● Data section
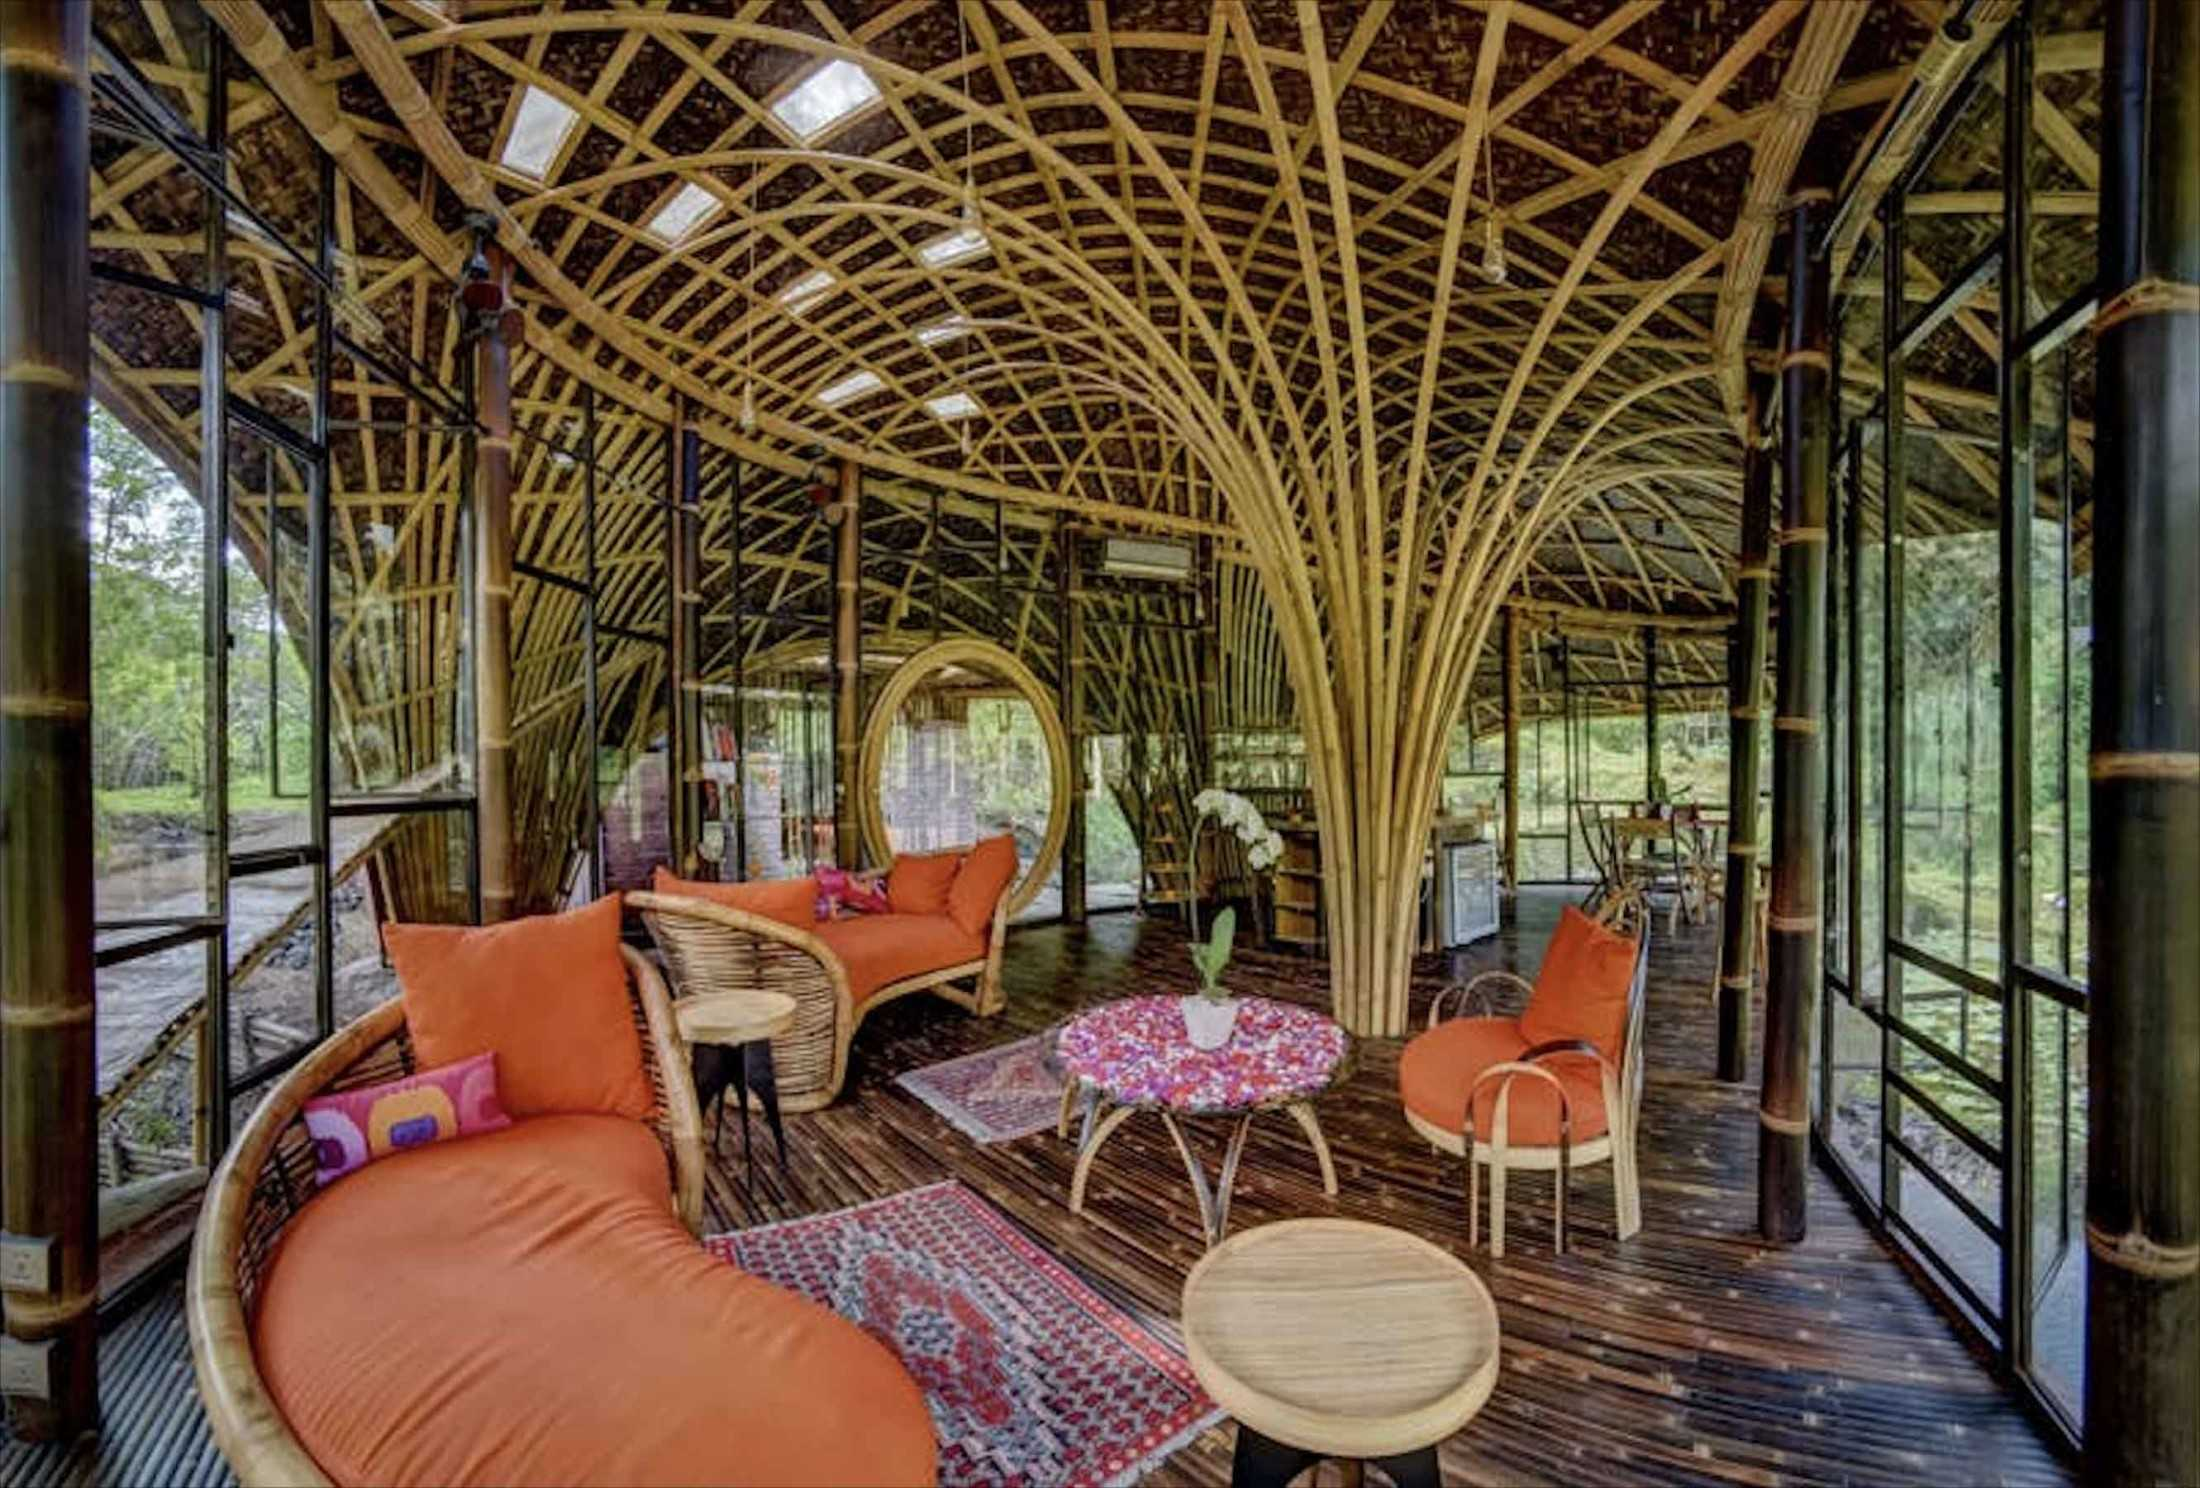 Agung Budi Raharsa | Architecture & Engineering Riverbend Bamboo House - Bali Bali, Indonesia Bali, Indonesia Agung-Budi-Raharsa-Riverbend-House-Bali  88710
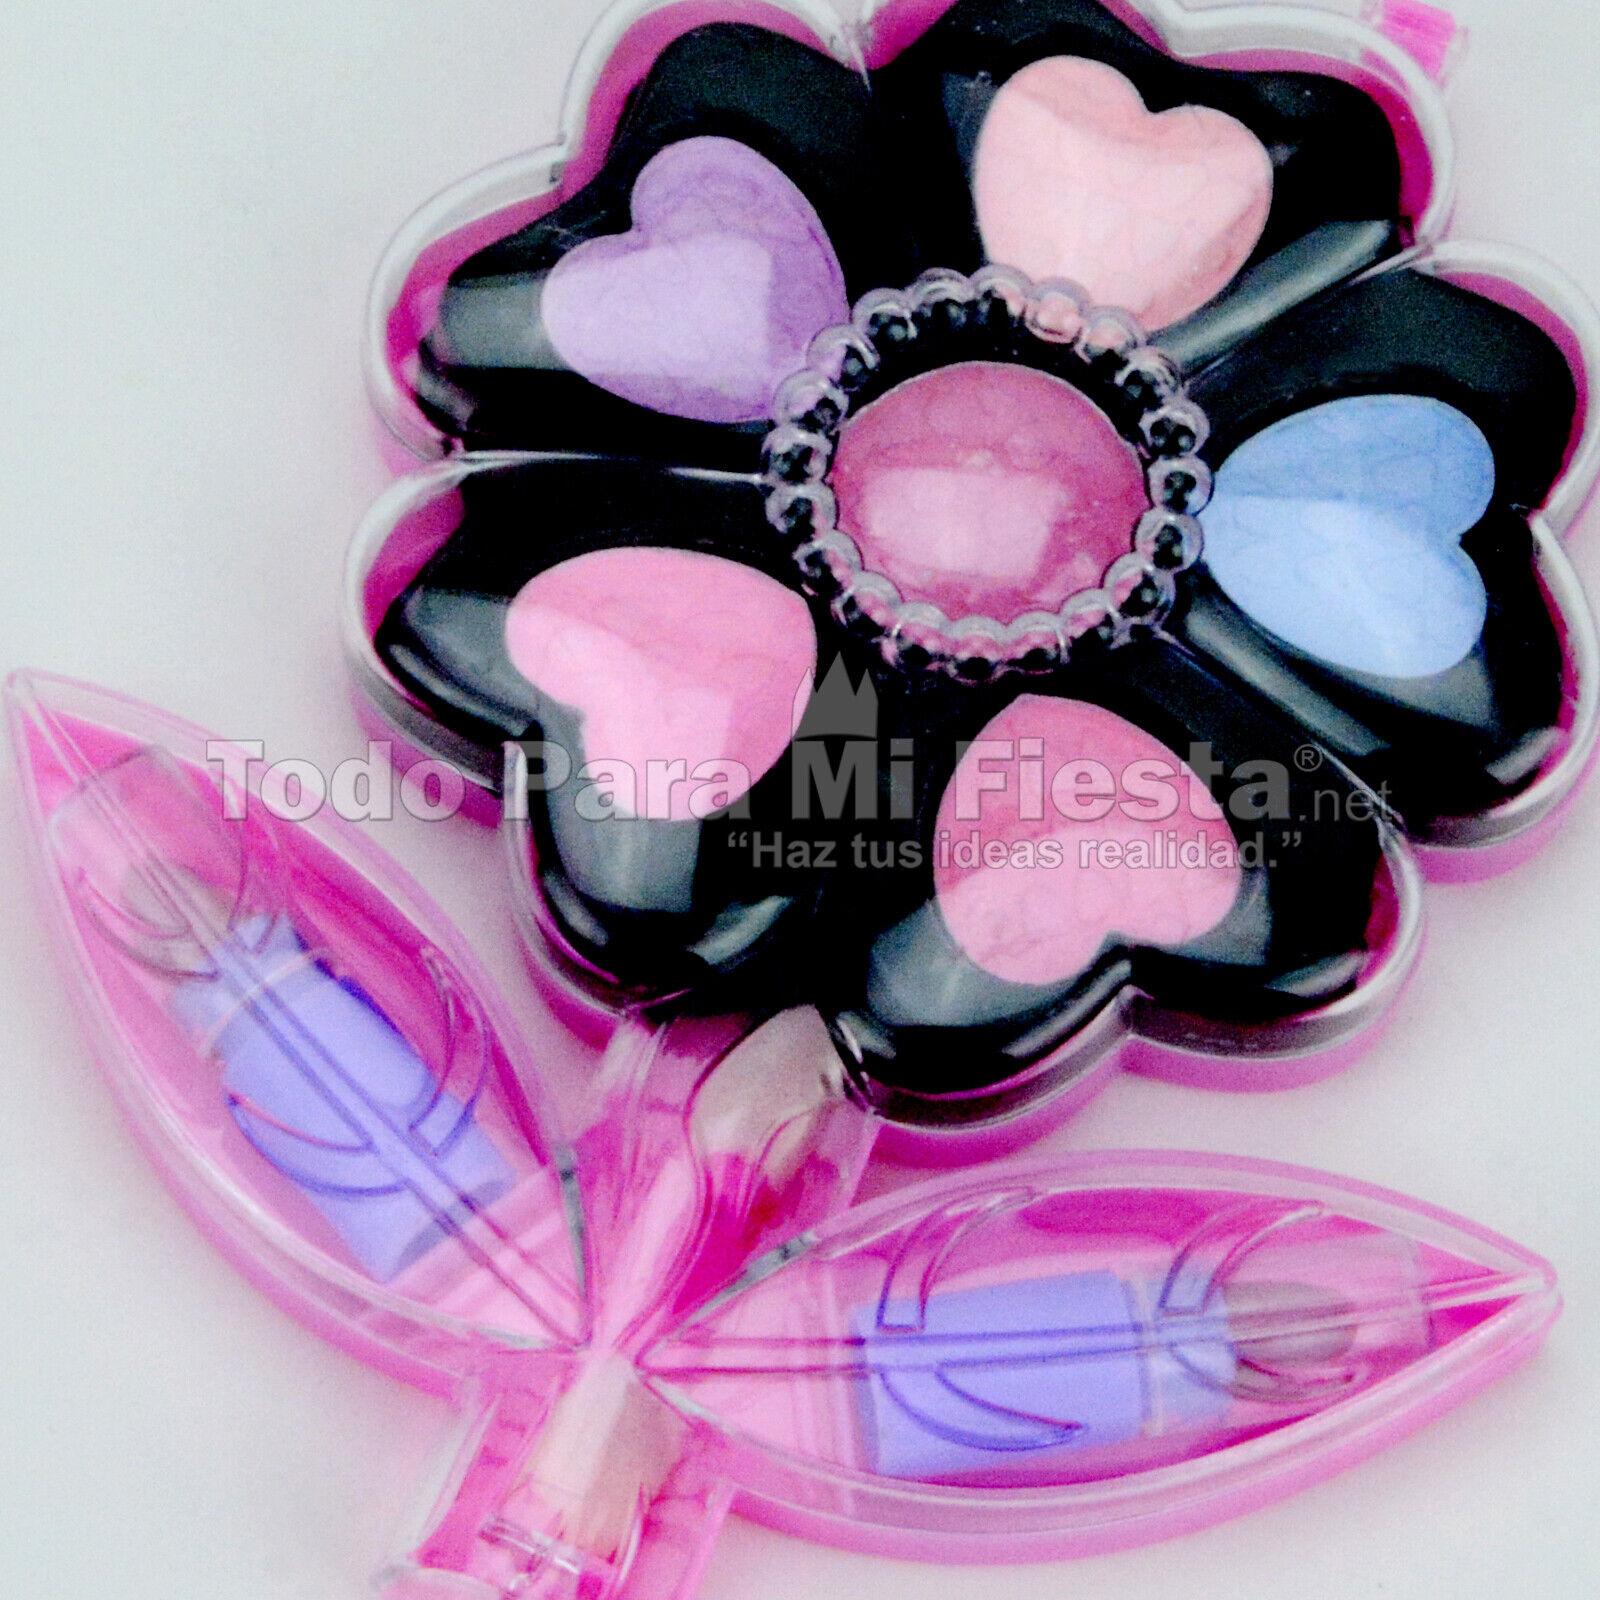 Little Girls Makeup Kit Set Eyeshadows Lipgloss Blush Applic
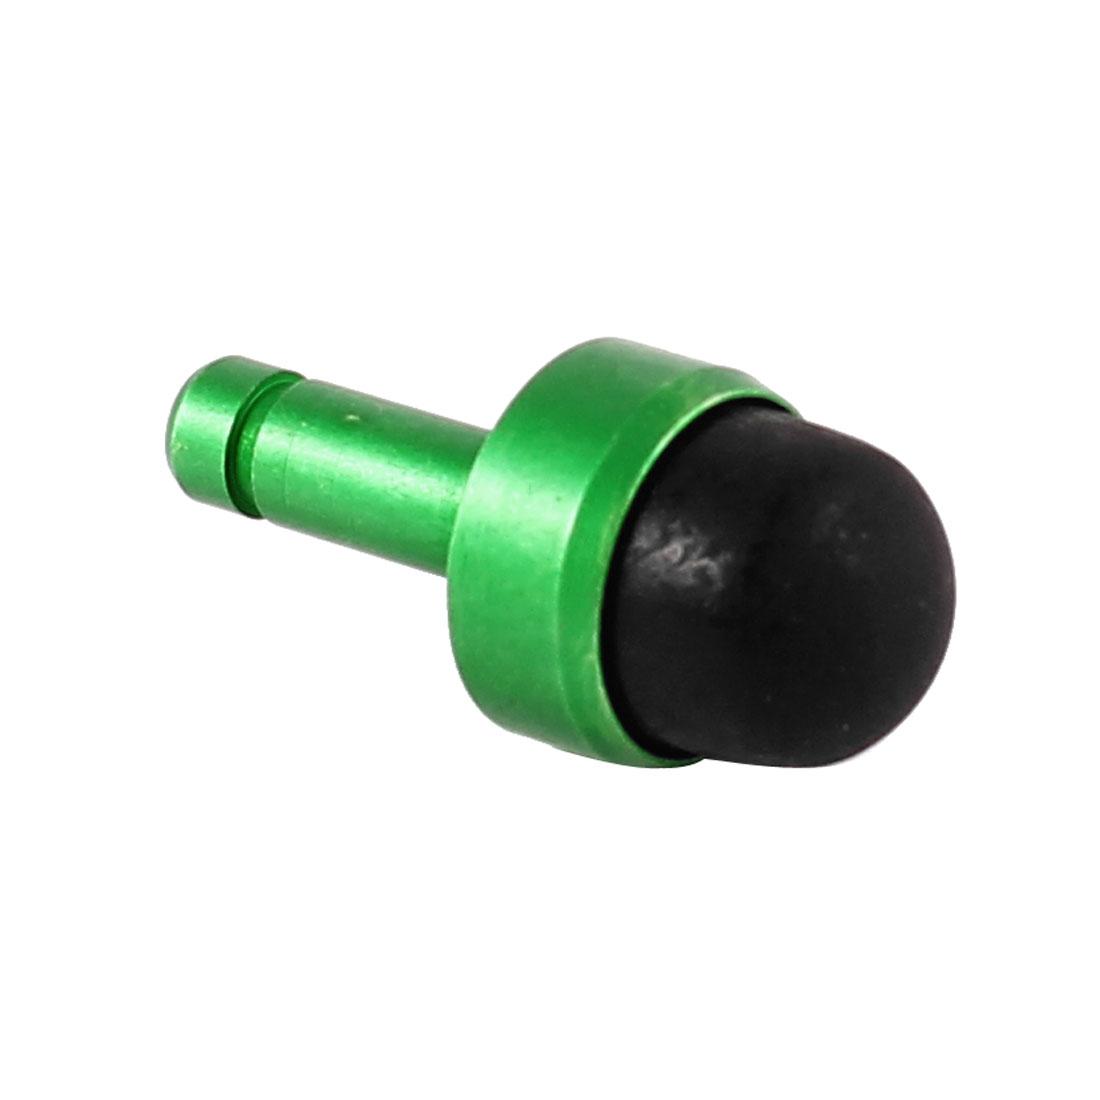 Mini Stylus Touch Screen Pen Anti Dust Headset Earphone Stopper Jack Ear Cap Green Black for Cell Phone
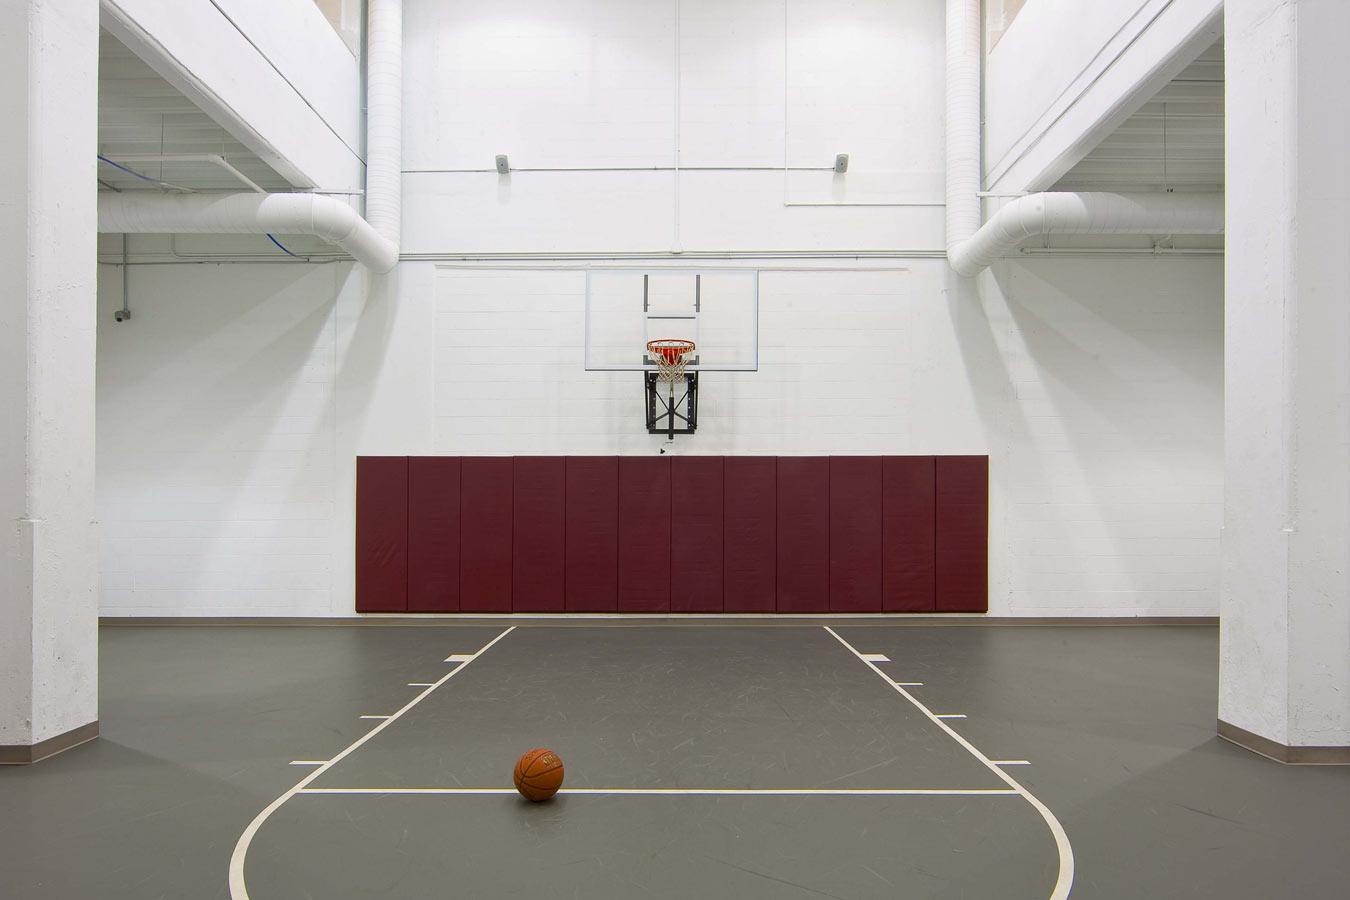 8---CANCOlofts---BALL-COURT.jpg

● Instructions for the task
Leaving out the pictures, transcribe the material above exactly.

● Answer for the task
 Agung Budi Raharsa | Architecture & Engineering Riverbend Bamboo House - Bali Bali, Indonesia Bali, Indonesia Agung-Budi-Raharsa-Riverbend-House-Bali  88710
 Little Girls Makeup Kit Set Eyeshadows Lipgloss Blush Applic
 Mini Stylus Touch Screen Pen Anti Dust Headset Earphone Stopper Jack Ear Cap Green Black for Cell Phone
 8---CANCOlofts---BALL-COURT.jpg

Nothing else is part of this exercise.